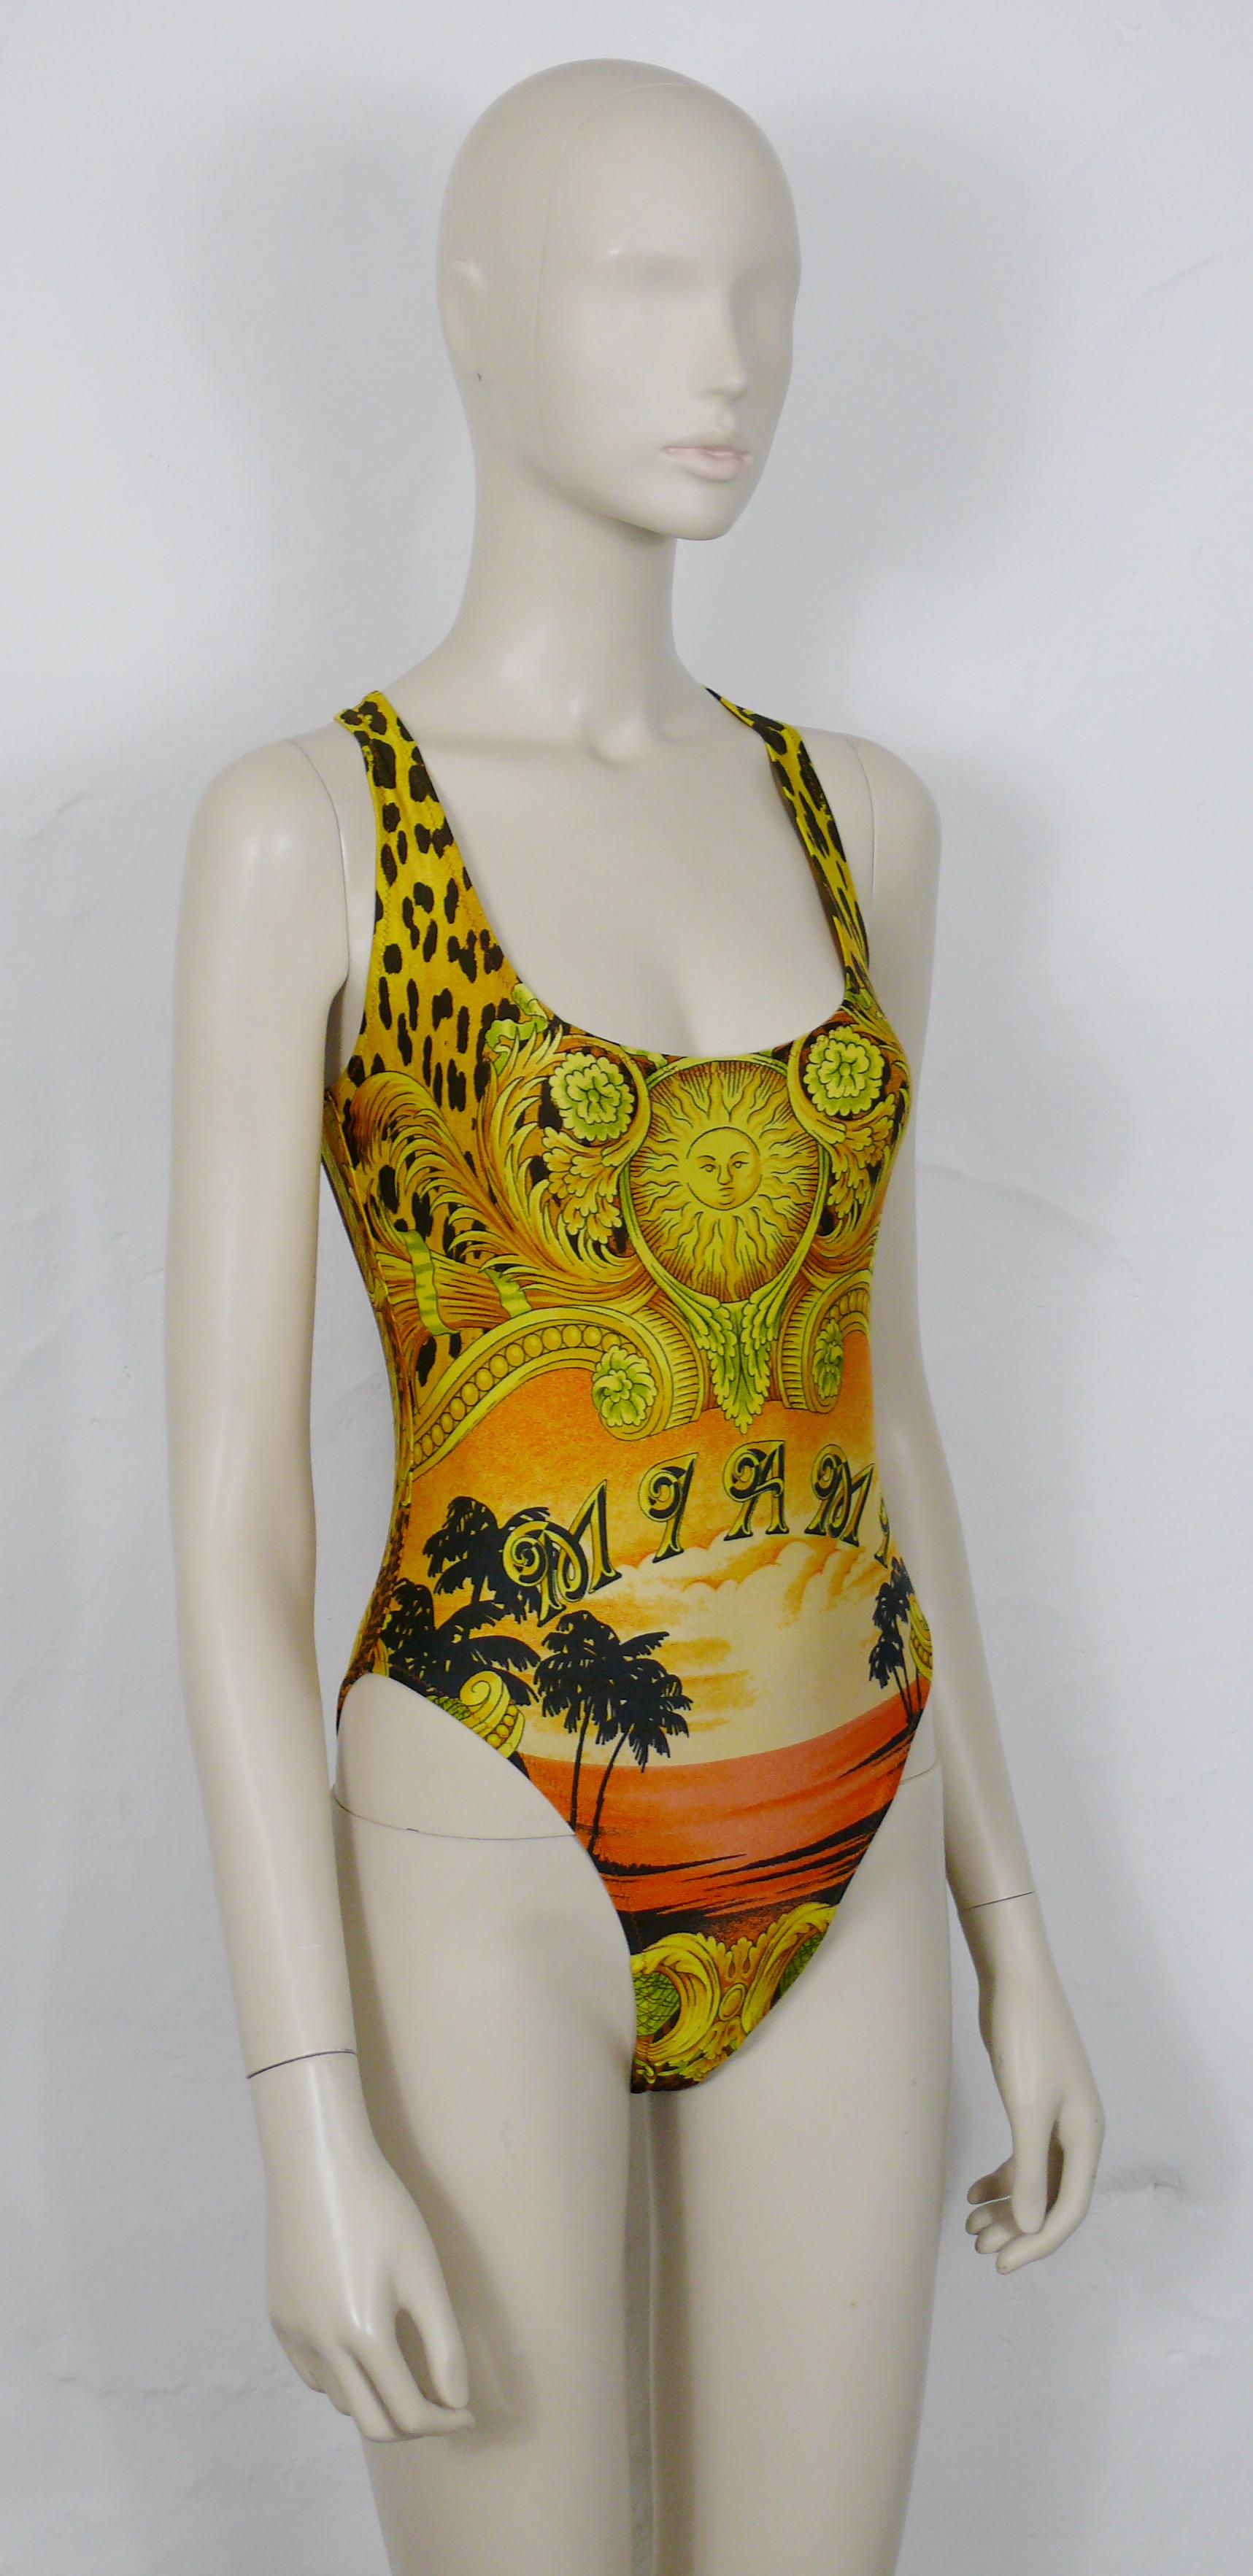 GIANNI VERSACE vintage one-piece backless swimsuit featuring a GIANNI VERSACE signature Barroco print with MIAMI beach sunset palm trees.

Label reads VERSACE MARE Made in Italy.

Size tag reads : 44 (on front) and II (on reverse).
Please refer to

Exercise brief – Where the material contains pictures, leave them out and copy the rest verbatim.

Problem solution –
 GIANNI VERSACE vintage one-piece backless swimsuit featuring a GIANNI VERSACE signature Barroco print with MIAMI beach sunset palm trees.

Label reads VERSACE MARE Made in Italy.

Size tag reads : 44 (on front) and II (on reverse).
Please refer to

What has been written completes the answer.